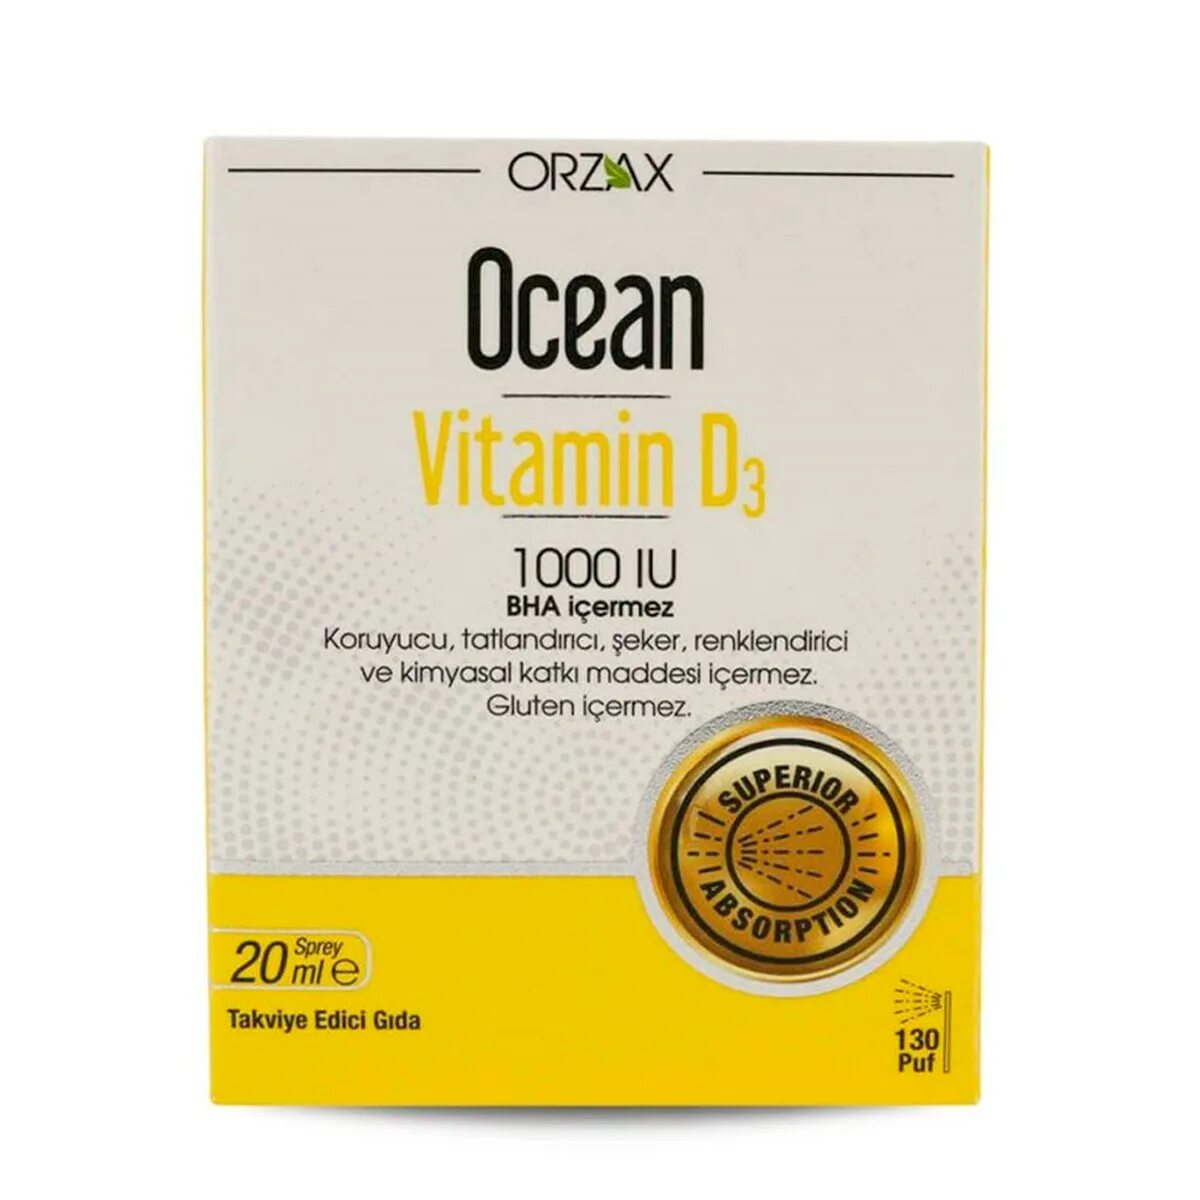 Orzax Ocean Vitamin d3 1000 IU Spray 20 ml. Витамины Orzax Ocean Vitamin d3. Orzax Vitamin d3 400. Ocean Vitamin d3 400 UI Orzax 20ml.
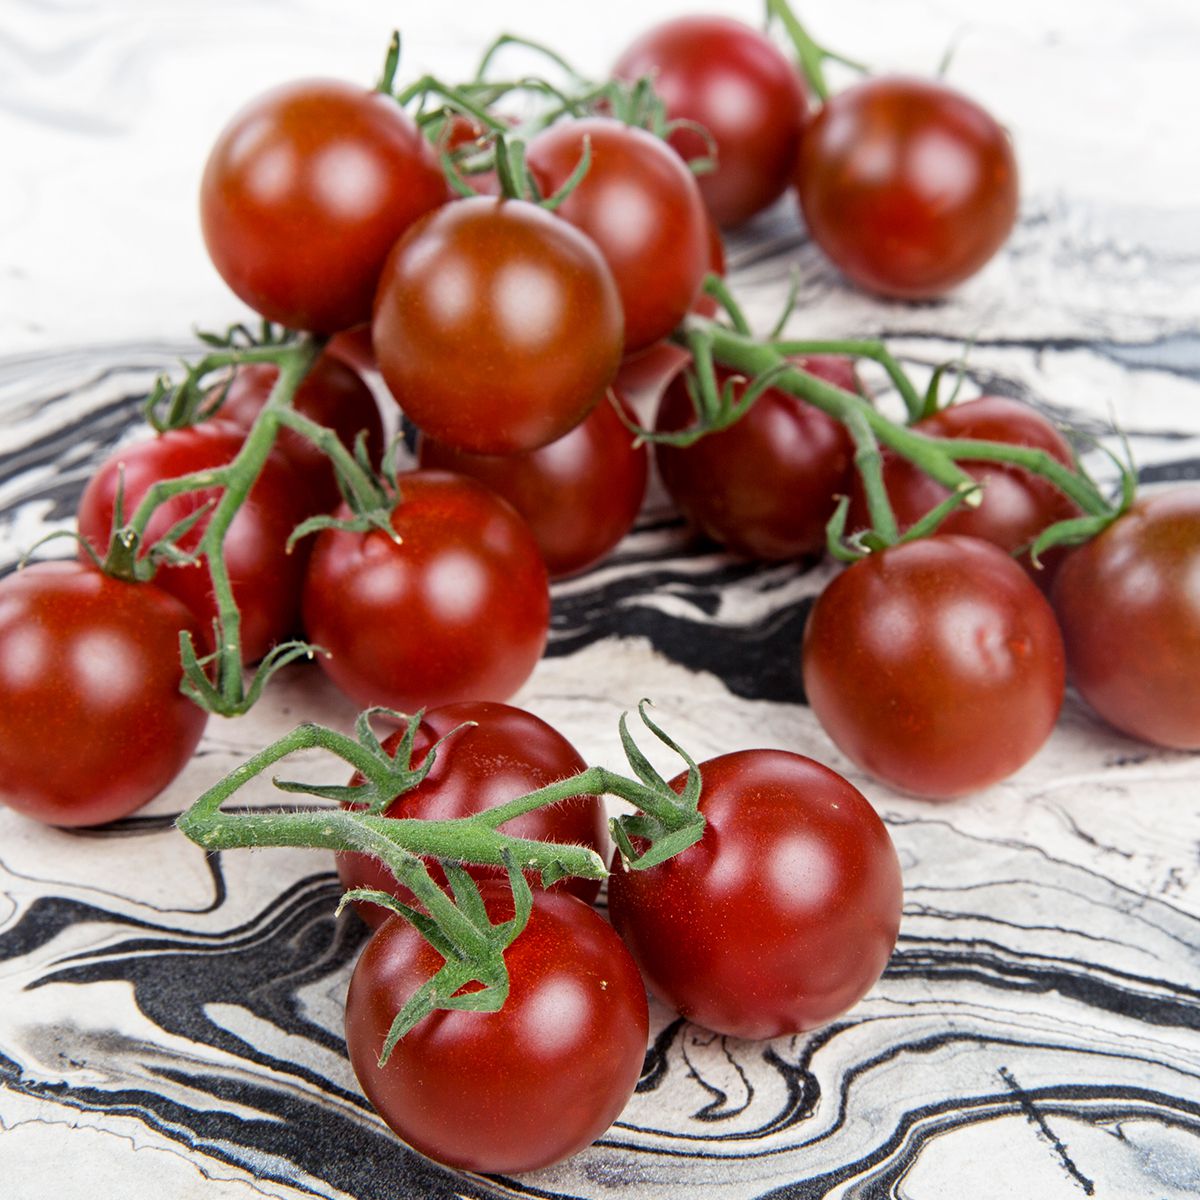 BoxNCase Organic Cherry Tomatoes 1 PT
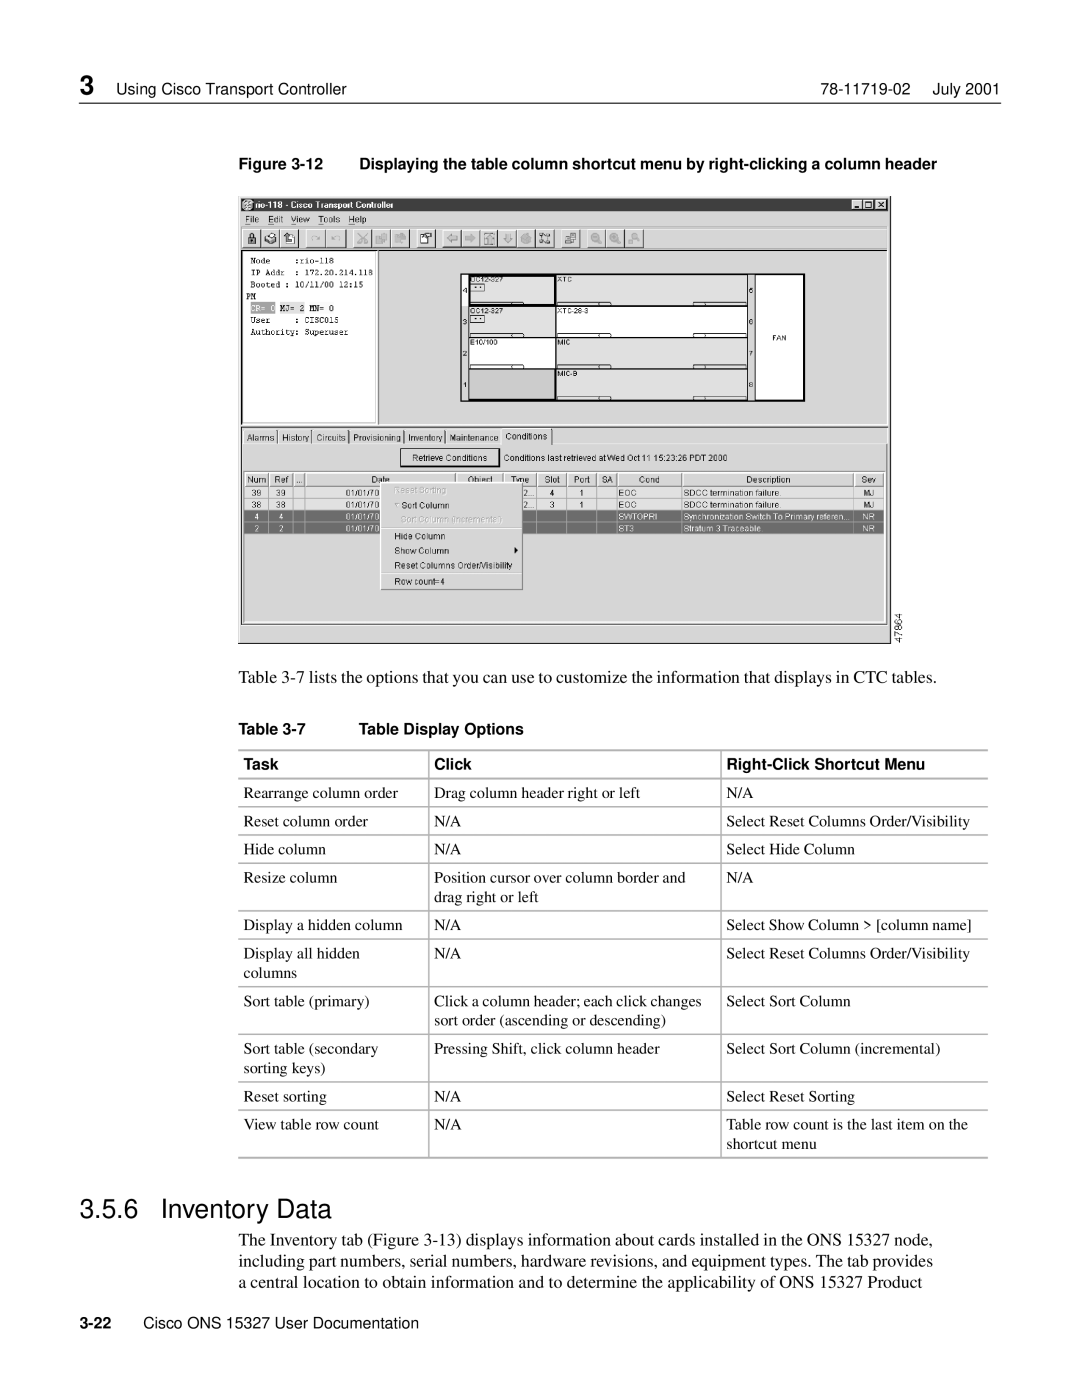 Cisco Systems manual Inventory Data, Cisco ONS 15327 User Documentation

What this task involves: Go through the material above and retype every line exactly, without the images.

Answer space:
 Orzax Ocean Vitamin d3 1000 IU Spray 20 ml. Витамины Orzax Ocean Vitamin d3. Orzax Vitamin d3 400. Ocean Vitamin d3 400 UI Orzax 20ml.
 BoxNCase Organic Cherry Tomatoes 1 PT
 Cisco Systems manual Inventory Data, Cisco ONS 15327 User Documentation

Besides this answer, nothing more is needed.